CDO, CXO, XXO – The New C Suite | Winning the Lap or the Race?

Editor’s note: This article is republished with the permission of the author, Mayur Gupta, the Global Head of Marketing Technology & Innovation at Kimberly-Clark.

The last couple of years have seen tremendous proliferation of the C-XX titles within the world of marketing:

  • CDO – Chief Digital Officer
  • CDO – Chief Data Officer
  • CCO – Chief Consumer Officer or Chief Creative Officer
  • CXO – Chief Experience Officer
  • .. more

The CDOs and CXOs are probably the more common ones, the former picking up steam with some of the Fortune 500s hiring great talent to fill these roles. [Editor’s note: Check out our job board, which includes some of the most interesting senior digital job openings in the marketplace.]

While I have been highly supportive of the model, I have often questioned the approach and the problem some of these roles are trying to solve for a very simple reason – the roles make sense in the context of marketing, to enable the broader and holistic marketing strategies and connected seamless consumer experiences but they do not make sense when these are kept outside the context of marketing, which leads to further fragmentation of the existing silo model.

Let’s take the Chief Digital Officer (CDO) role for instance. There is a point of view that suggests that the CDO should operate independent of the CMO and report directly into the CEO, expanding digital capabilities by sitting alongside the CMO and not within the marketing organization. Mind you, this organizational model is only a reflection of the mindset and the culture around ‘digital’. This is not a bad model if you are an organization that still believes in the notion of digital marketing, where digital is a ‘thing’ out there, separate from the broader context of marketing.

A few simple questions can help determine your type of organization:

  1. Are you really putting the consumer at the center of your ecosystem?
  2. If yes, does your consumer see digital and physical as two isolated worlds?
  3. Does she expect a seamless connected experience across those worlds?
  4. Are you inadvertently becoming channel focused?
  5. Do you believe your consumer actually lives in a DIGITAL WORLD?

On the flip side though, when a CDO is part of the broader marketing organization and reports into the CMO, it strengthens the notion of Marketing in a Digital World, because you cannot take digital out of marketing and isolate the two anymore. It is a difference between being channel-focused that will deliver multi-channel broken experiences at best, versus consumer focused omni-channel experiences that are frictionless and seamless.

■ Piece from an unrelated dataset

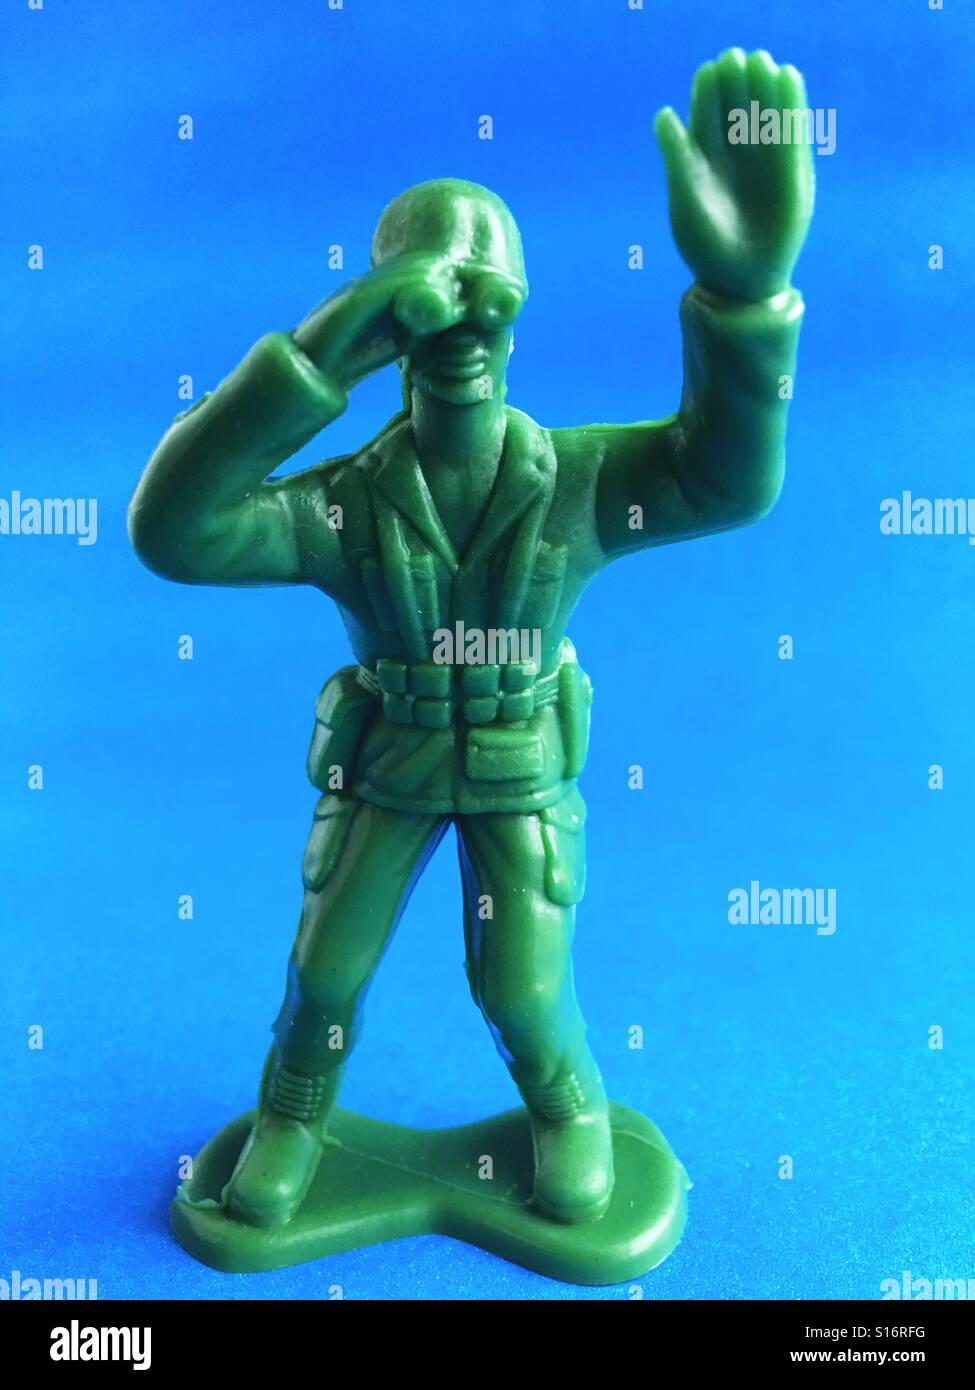 A toy soldier looking through binoculars. Stock Photo

Having said this, I can understand that every organization brings its own unique challenges, priorities and models. In some cases – especially early on – it is definitely viable to put digital to the side, typically through a Center of Excellence model (DCOE), until some core competencies are built. However, while this separation can be good in the beginning, the end game has to be CONVERGENCE. When established in the context of unified marketing, with the consumer at the center instead of the channel, the model will succeed, but if created in isolation to the rest of marketing, it will only drive broken, isolated consumer experiences and results.

Now you need to decide if you want to win the lap or win the race.